Background information
- Origin: New Zealand
- Genres: Boogie
- Occupations: Musician composer, songwriter
- Instrument: Piano
- Years active: 1979 - present

= Jan Preston =

New Zealand musician

Jan Preston is a pianist, composer and songwriter, known as Australasia's Queen of Boogie Piano due to her mastery of the 1930s boogie-woogie piano style. Originally classically trained, she has released over ten solo albums, often featuring her boogie-woogie piano playing.

Preston has been a member of bands, including Midge Marsden's Country Flyers, Coup D'Etat (with Harry Lyon) and, in Australia, The Tribe. She sang lead vocals on the Coup D'Etat single No Music on my Radio.

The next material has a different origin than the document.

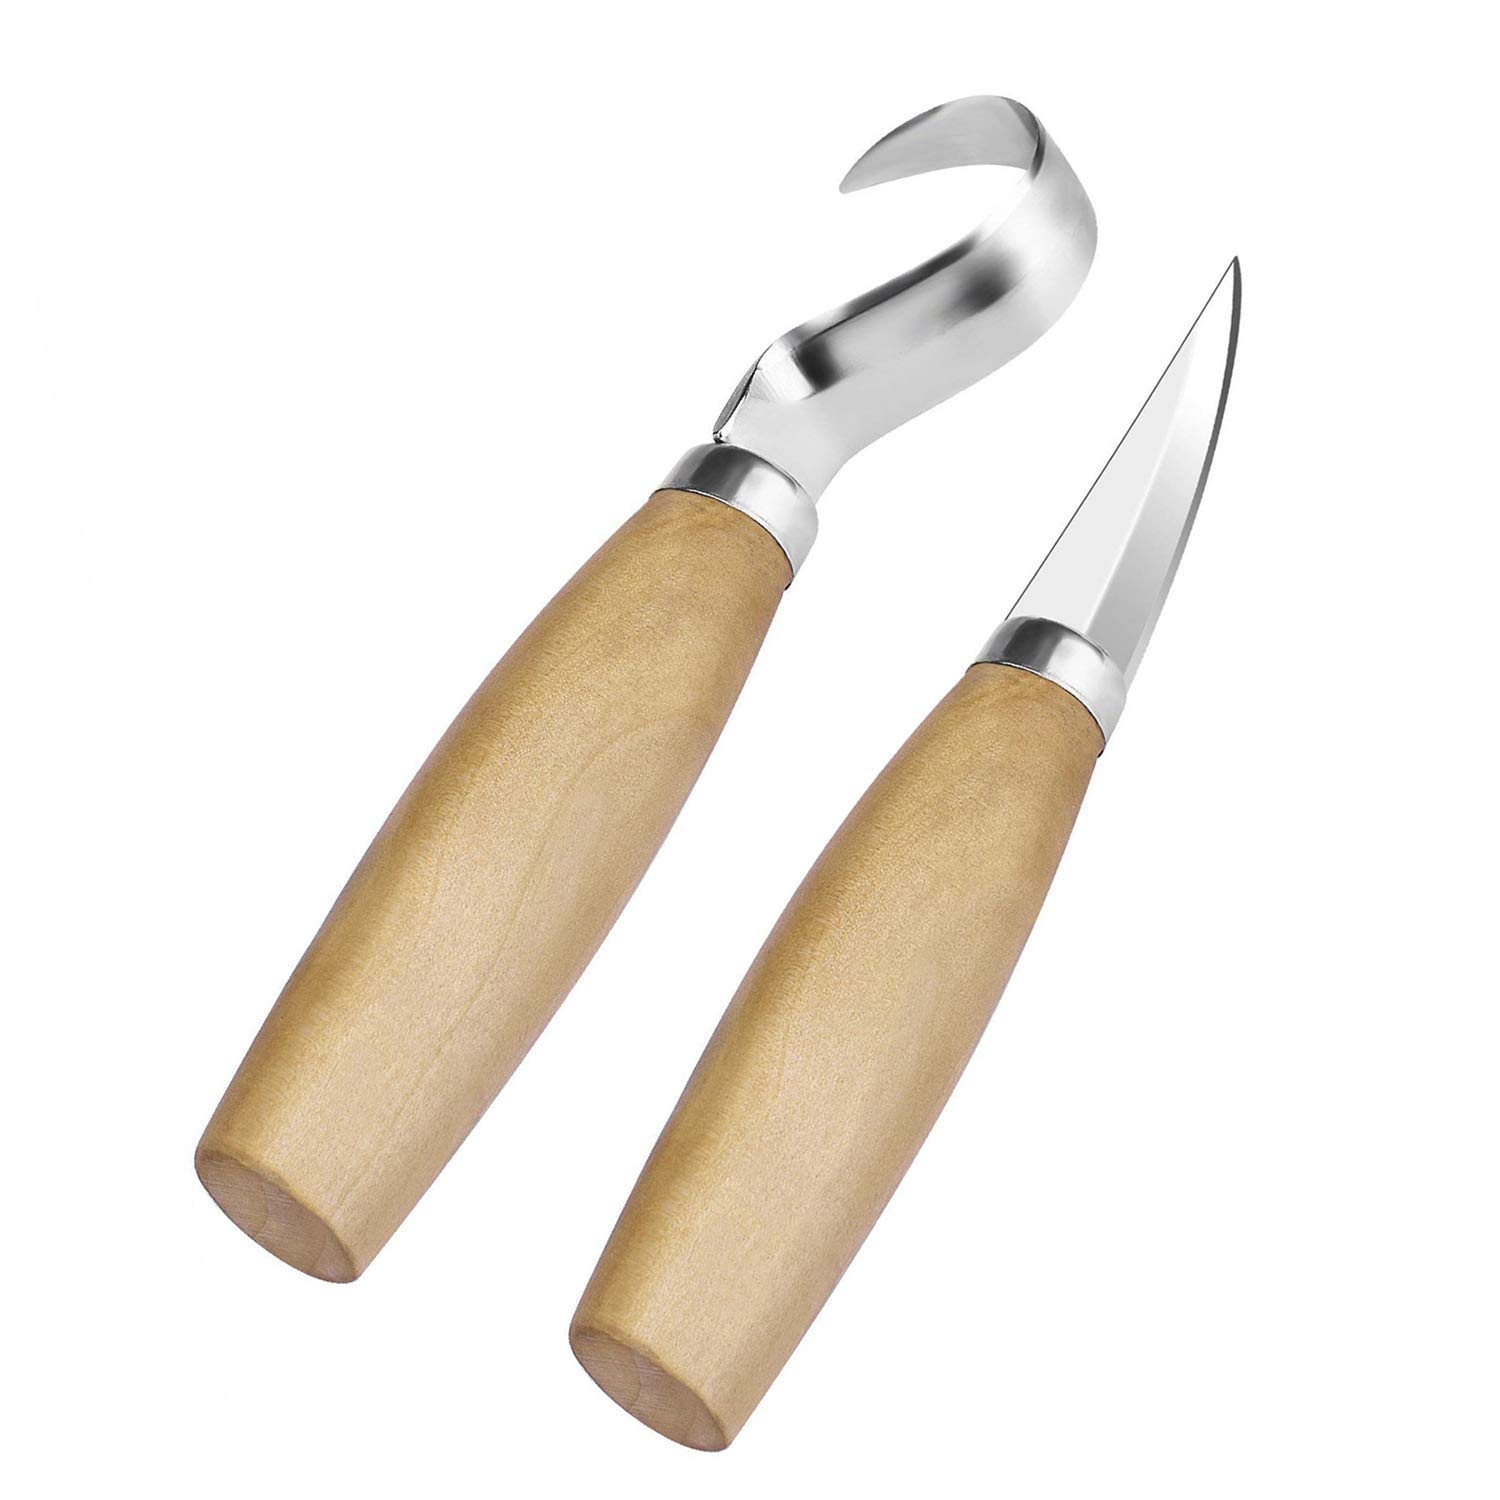 2 Pcs Wood Carving Knife DIY Chisel Woodworking Cutter

She worked with theatre cooperative Red Mole, alongside their backing band Red Alert. Her work was documented by Sam Neill in the film Red Mole on the Road.

Preston has composed music for films such as Illustrious Energy, Home by Christmas and My Year with Helen, as well as music for 'hundreds of documentaries'. She collaborated with her sister, filmmaker and director Gaylene Preston to compose the scores for Gaylene's films Home By Christmas and My Year with Helen.

In 1988, she received the Best Music award at the New Zealand Listener Film and Television Awards for her score for Illustrious Energy.

In 2016, Jan Preston broke both of her wrists in an accident; once healed she continued to tour Australia and New Zealand with her band Jan Preston's Boogie Circus.